▸ WHAT THE TASK REQUIRES
Below are some records. Retype exactly the lines from the one containing "کتاب سخنگو طلای" through the one containing "Платье прямое с", both included, skipping every picture.

▸ DATA IN THIS EXERCISE
========
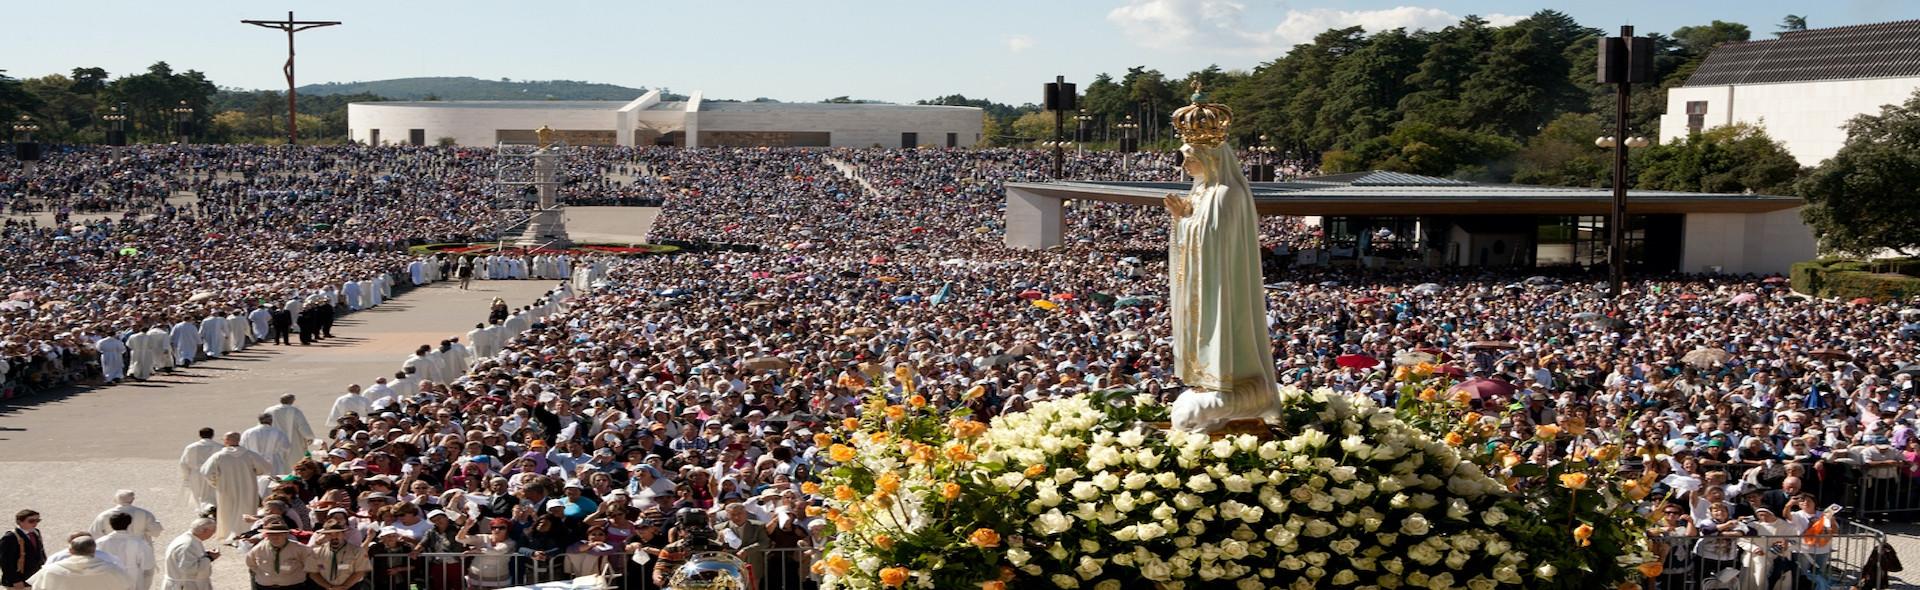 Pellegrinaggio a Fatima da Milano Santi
========
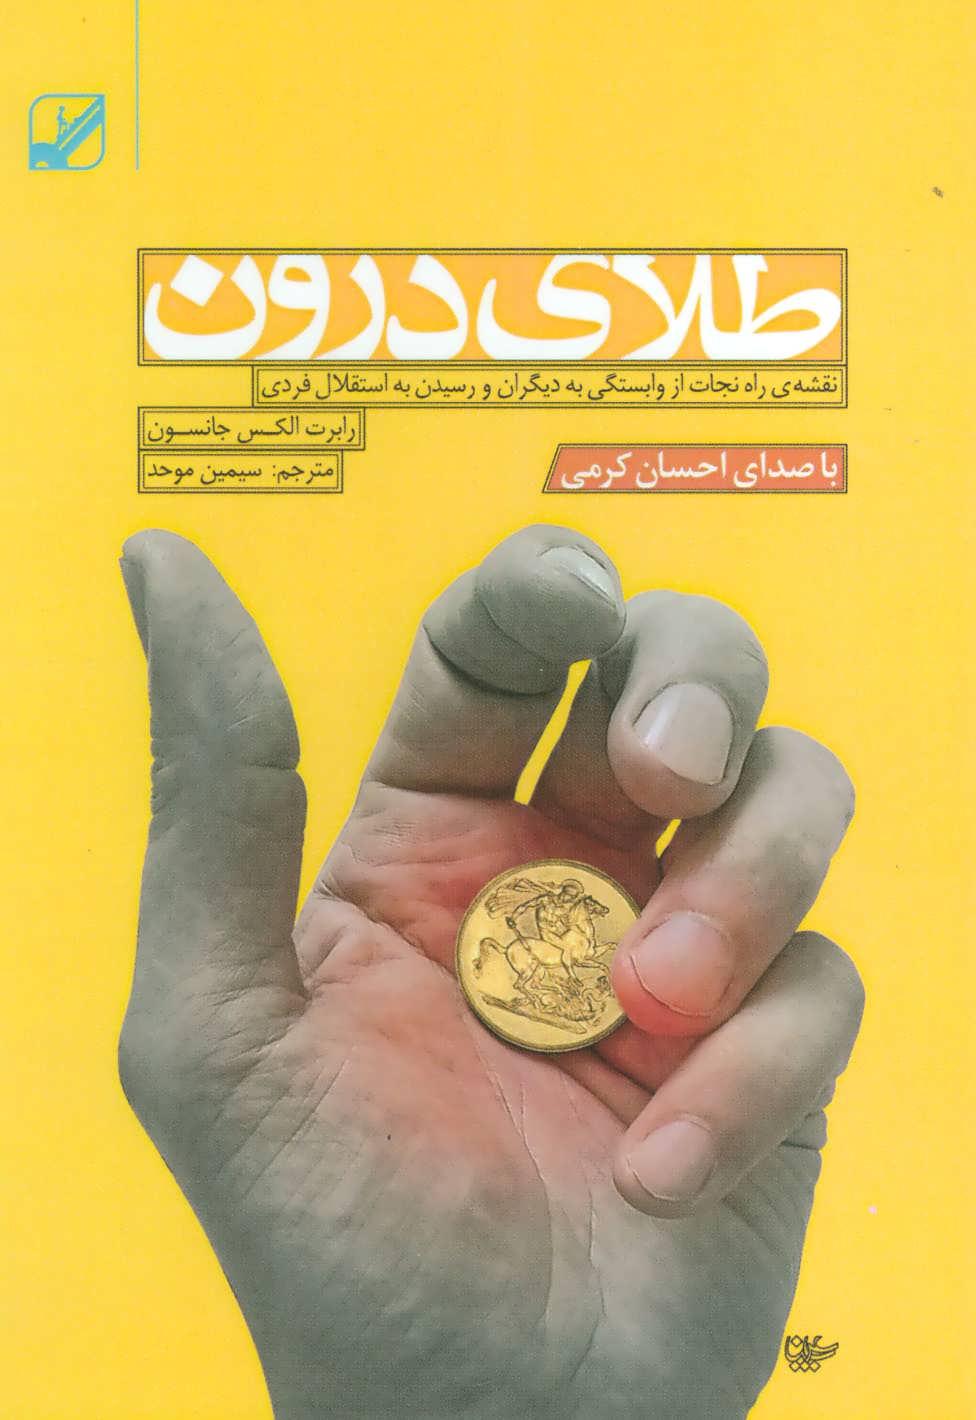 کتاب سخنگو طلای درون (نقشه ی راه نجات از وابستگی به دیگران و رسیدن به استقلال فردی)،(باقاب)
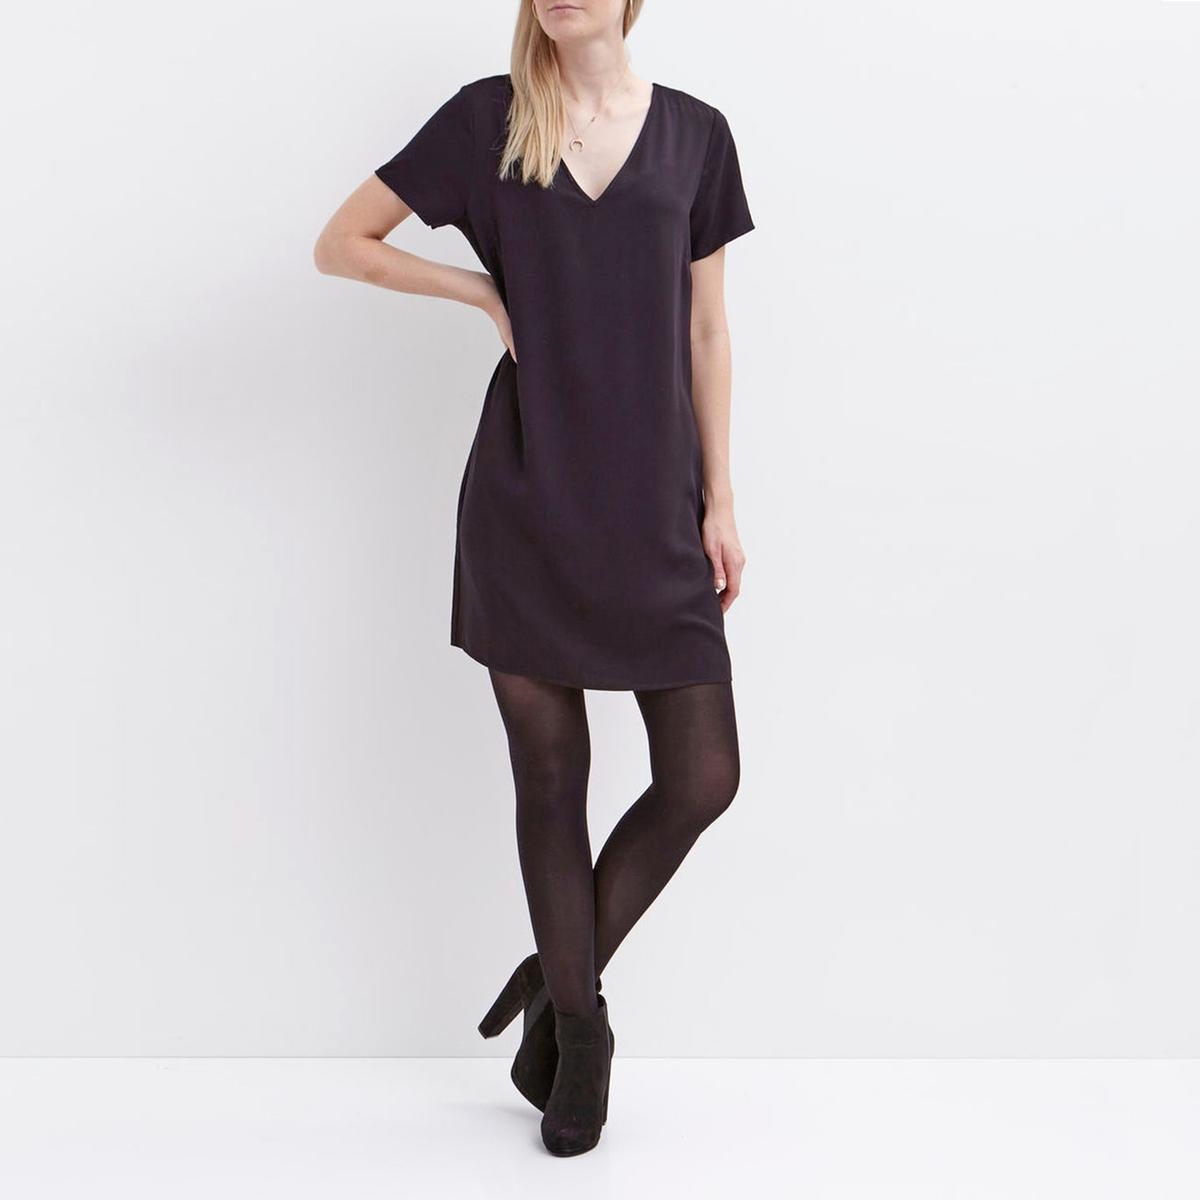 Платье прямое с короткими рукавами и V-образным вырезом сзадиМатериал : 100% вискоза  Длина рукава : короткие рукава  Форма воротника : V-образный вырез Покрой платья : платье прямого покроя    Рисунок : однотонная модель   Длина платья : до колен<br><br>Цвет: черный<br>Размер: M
========
▸ ANSWER
 کتاب سخنگو طلای درون (نقشه ی راه نجات از وابستگی به دیگران و رسیدن به استقلال فردی)،(باقاب)
 Платье прямое с короткими рукавами и V-образным вырезом сзадиМатериал : 100% вискоза  Длина рукава : короткие рукава  Форма воротника : V-образный вырез Покрой платья : платье прямого покроя    Рисунок : однотонная модель   Длина платья : до колен<br><br>Цвет: черный<br>Размер: M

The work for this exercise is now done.